The objectives of this work were achieved as follows:

  1. 1.

    This work proved the concept of plastic waste valorization into carbon-rich materials via a facile one-pot solvent-free pyrolysis route and successfully used the solid carbon product to remove SMZ from aqueous solution.

  2. 2.

    The carbon yield was enhanced with temperature, and the optimum yield was achieved at 600 °C.

  3. 3.

    The effect of temperature on the morphology, surface area, porosity, structure, and crystallinity of the produced chars was successfully investigated and discussed. Increasing temperature improved the CP’s graphitization and the formation of CMS and CNT. The mean pore diameter of the CP increased slightly with temperature, while the opposite occurred with the total surface area and pore volume.

  4. 4.

    CP-600 showed good SMZ adsorption when all prepared adsorbents were tested for their adsorption capabilities toward SMZ.

  5. 5.

    An optimization study using RSM showed that the optimal operating conditions for achieving 99.99% removal were pH 3.0, a catalyst dose of 0.9 g/L, and an SMZ concentration of 12.4 mg/L.

  6. 6.

    SMZ adsorption was favorable in acidic conditions, and the mechanism occurred primarily through π–π electron stacking or π+–π electron donor–acceptor interactions between C=C bonds in SMZ and that of the prepared graphitic adsorbent. Electrostatic interactions and hydrogen bonding were secondary adsorption mechanisms.

  7. 7.

    The SMZ adsorption followed the PSO better than PFO and ELV. Both Langmuir and Freundlich models were good fit for the SMZ adsorption isotherm. Mutually, LFD and IPD controlled the diffusion mechanism of the adsorption. The adsorption process was endothermic and spontaneous.

  8. 8.

    CP-600 was reusable in five cycles.

  9. 9.

    The prepared CP-600 in this work exhibited higher adsorption capacity and faster kinetics than most adsorbents used in SMZ adsorption, indicating the potential for large-scale application.

The use of plastic waste in this work can eliminate the cost of purchasing precursors like coal, thereby reducing cost. Moreover, the valorization in this work provides an excellent solution to managing the environmental pollution from waste plastics through simple, green, and profitable technology.

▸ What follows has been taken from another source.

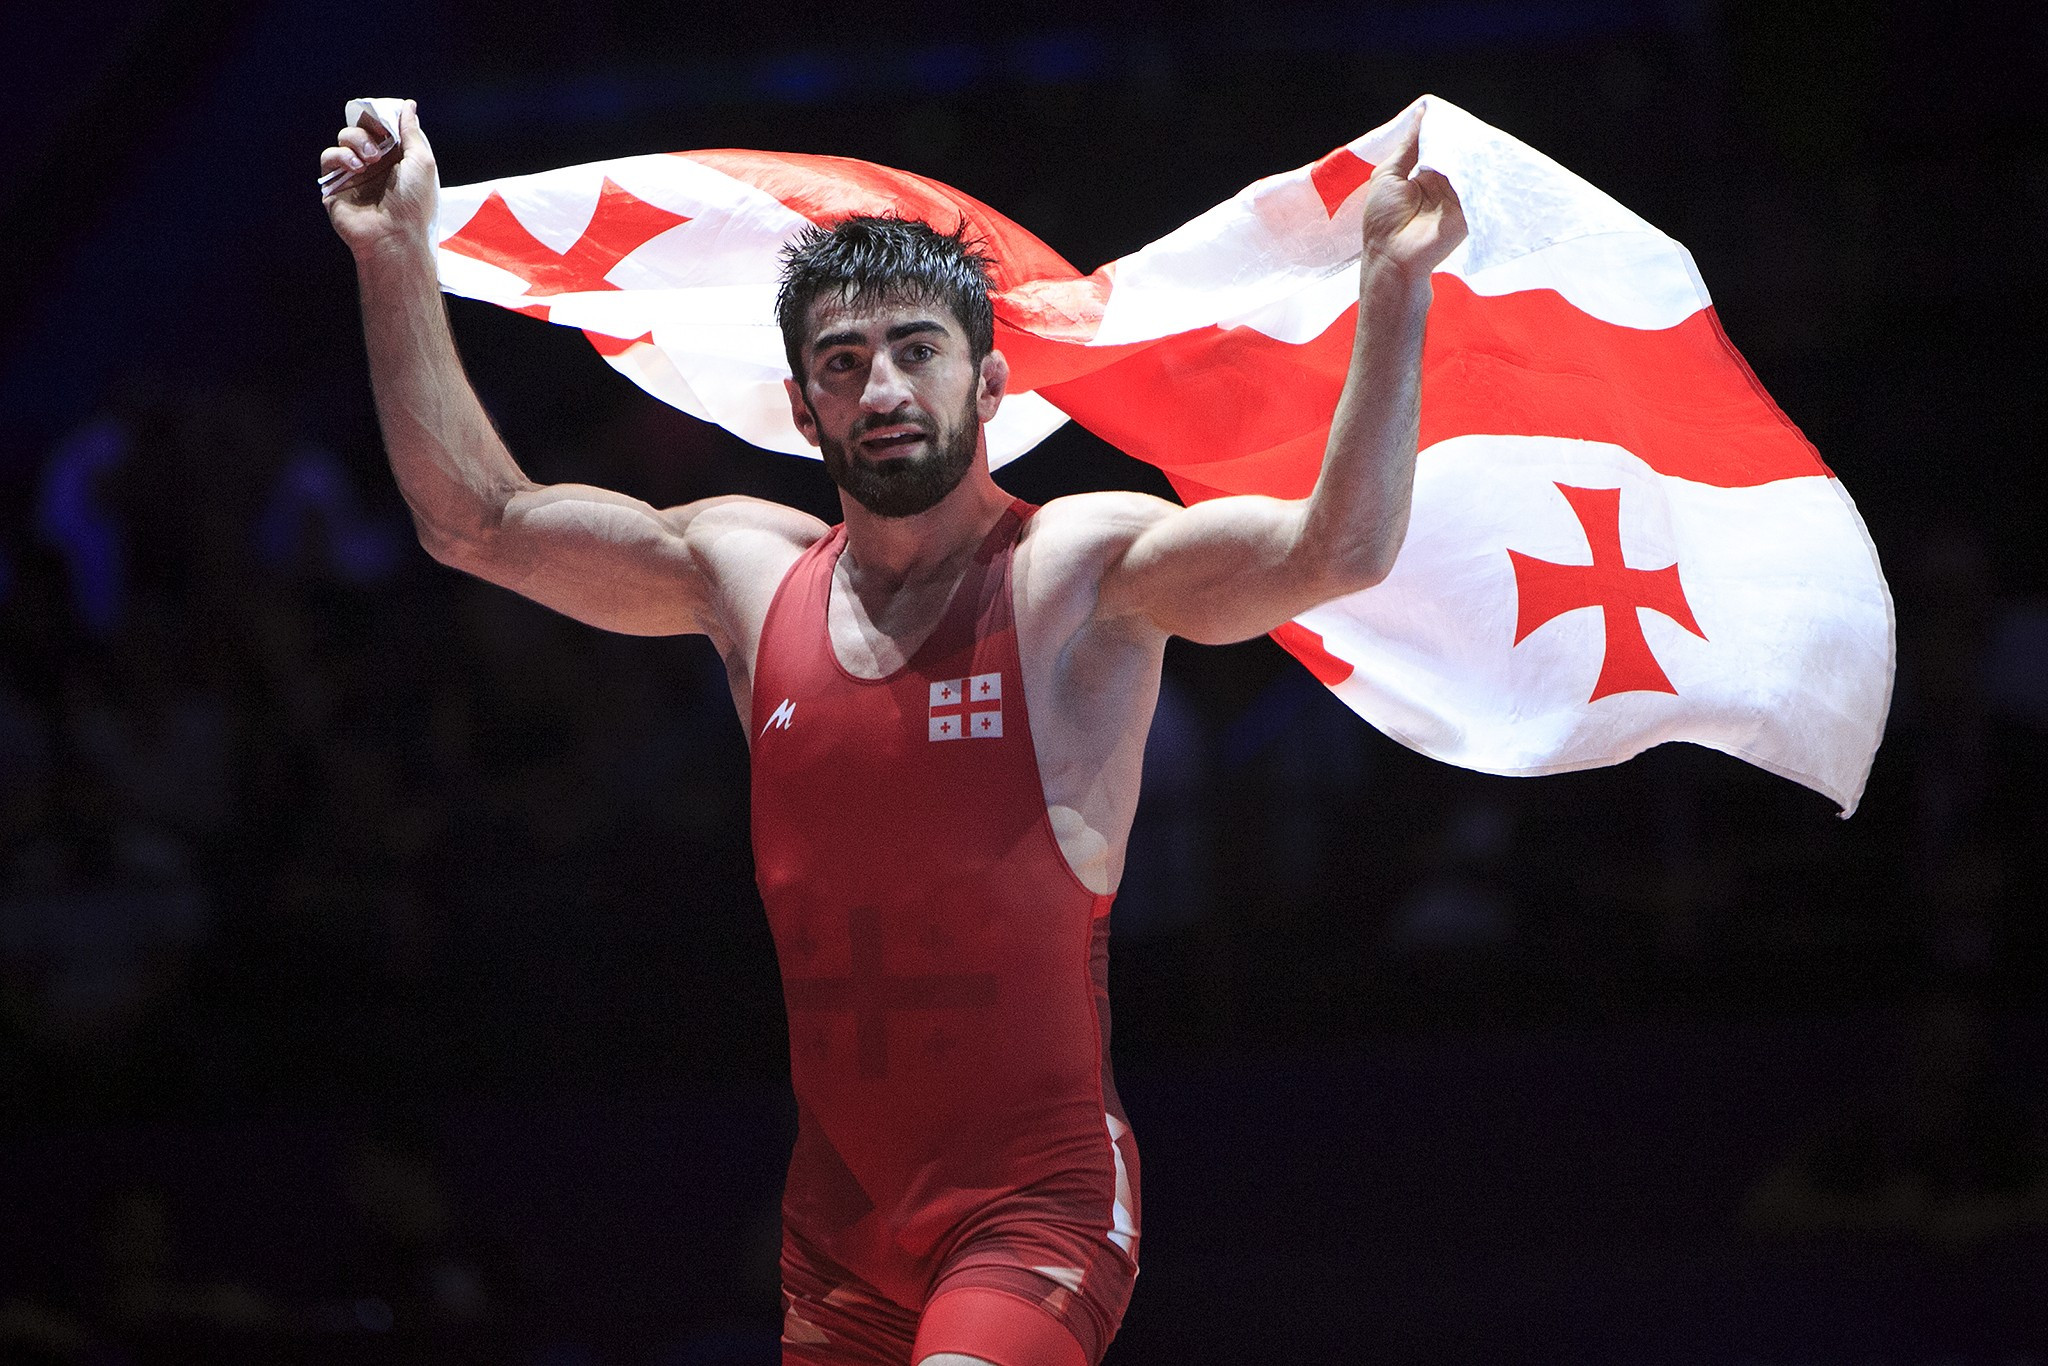 Synder wins "Match of the Century" on final day of UWW World Championships
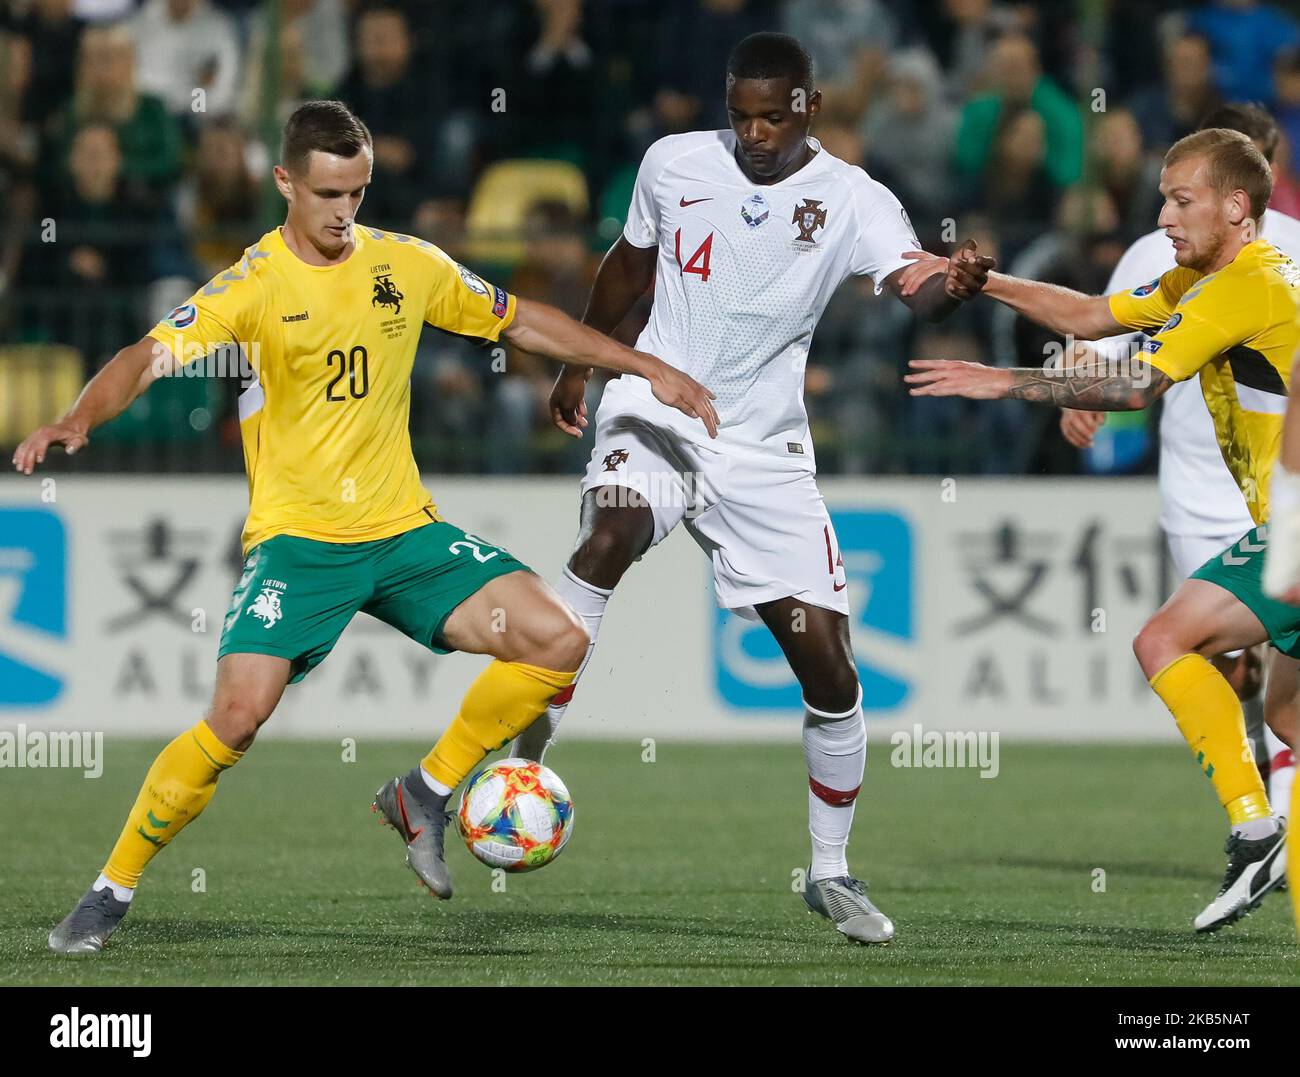 Deimantas Petravicius (L) and Modestas Vorobjovas (R) of Lithuania vie for the ball with William Carvalho of Portugal during the UEFA Euro 2020 qualifying match between Lithuanua and Portugal on September 10, 2019 at LFF Stadium in Vilnius, Lithuania. (Photo by Mike Kireev/NurPhoto) Stock Photo

It is recommended that further studies be conducted to:

  • Assess the potential of upcycling other types of plastic into carbon-based adsorbents for SMZ removal.

  • Test adsorptive ability of CP-600 to remove other antibiotics, micropollutants, heavy metals, and real wastewater.

  • Magnetize CP-600 to enhance its recyclability.

  • Perform detailed economic analysis to evaluate the profitability of the technology.